Video codecs need not support compression.


Funnily enough I recently released 0.1.0 of "less-avc" a pure Rust H.264 (AVC) video encoder: https://github.com/strawlab/less-avc/ . For now it only implements a lossless I PCM encoder but supports a few features I need such as high bit depth. If anyone has a codec-writing itch they want to scratch, I would welcome work towards the compression algorithms H.264 supports: context-adaptive variable-length coding (CAVLC) and context-adaptive binary arithmetic coding (CABAC). Also I'm happy for constructive criticism or questions on this library. I think it is fairly idiomatic, and no `unsafe`, rust. While H.264 is an older codec now, as far as I can tell, this also means any patents on it are about to run out and it is very widely supported.

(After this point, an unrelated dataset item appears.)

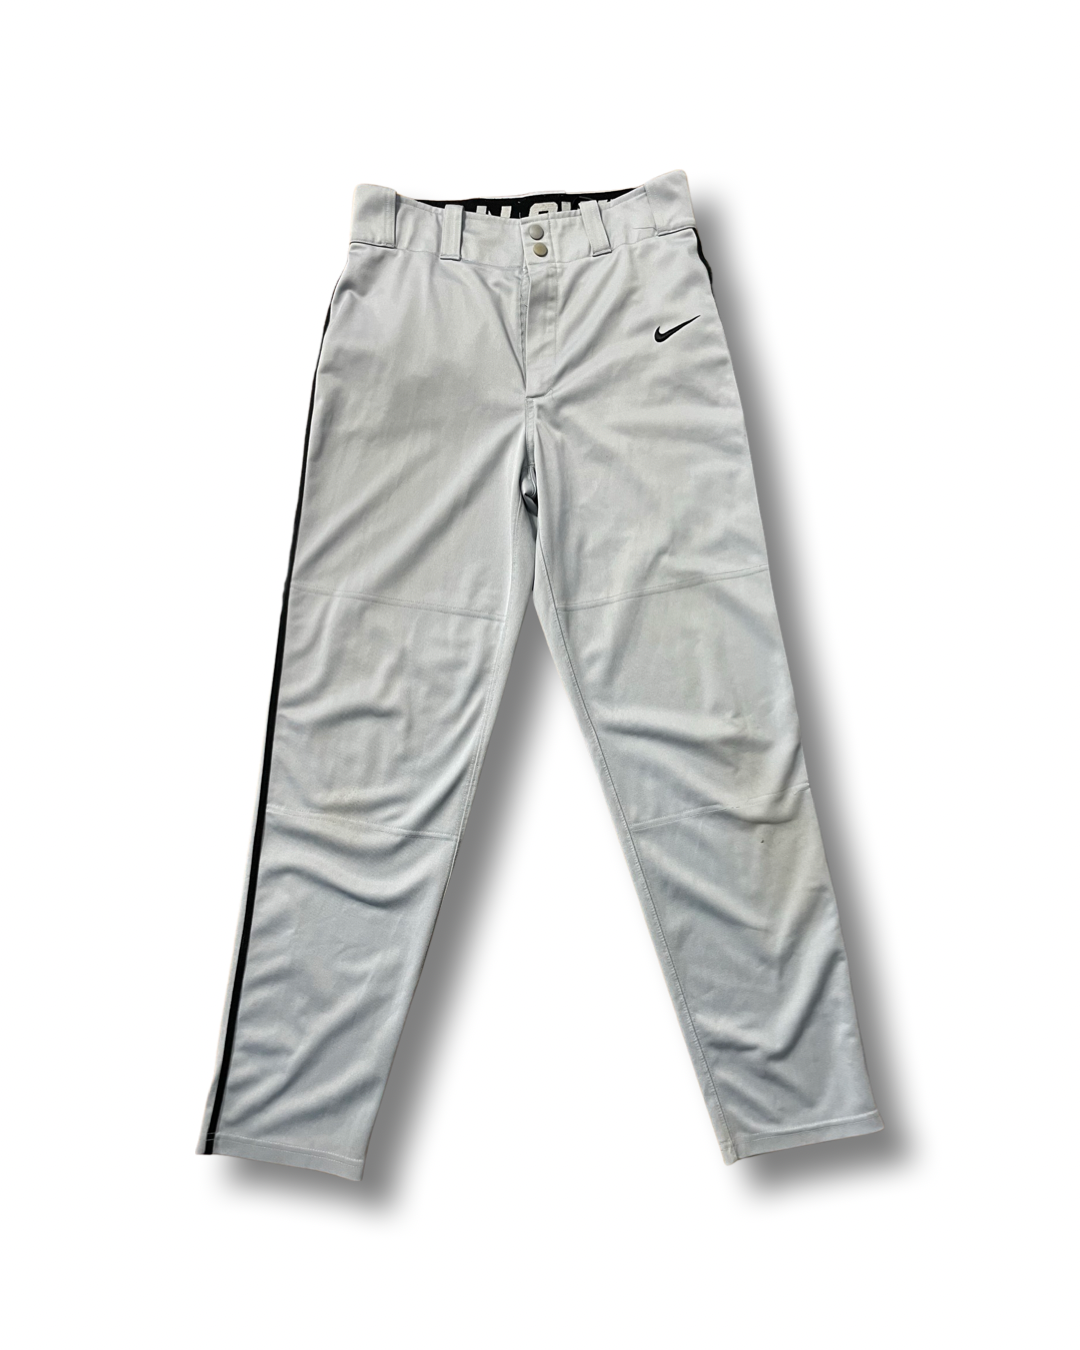 Grey Nike Baseball Pants, Medium

as far as I can tell, this also means any patents on it are about to run out

Not for H.264; looks like the last patent expires in 2028:

https://scratchpad.fandom.com/wiki/MPEG_patent_lists#H.264_p...

On the other hand, the last patent on MPEG-4 ASP (Xvid/DivX/etc.) which preceded H.264 apparently just expired earlier this month:

https://meta.wikimedia.org/wiki/Have_the_patents_for_MPEG-4_...

...and IANAL but that means the patents for H.263 and everything older should've already expired too.


That's a great list of the H.264 patent claims--thanks. I had naively assumed that since the first iteration of standard was published in 2003 that "obviously" all related patents (to features in the first iteration, anyway) would have to have been filed prior. Clearly, that is not the case.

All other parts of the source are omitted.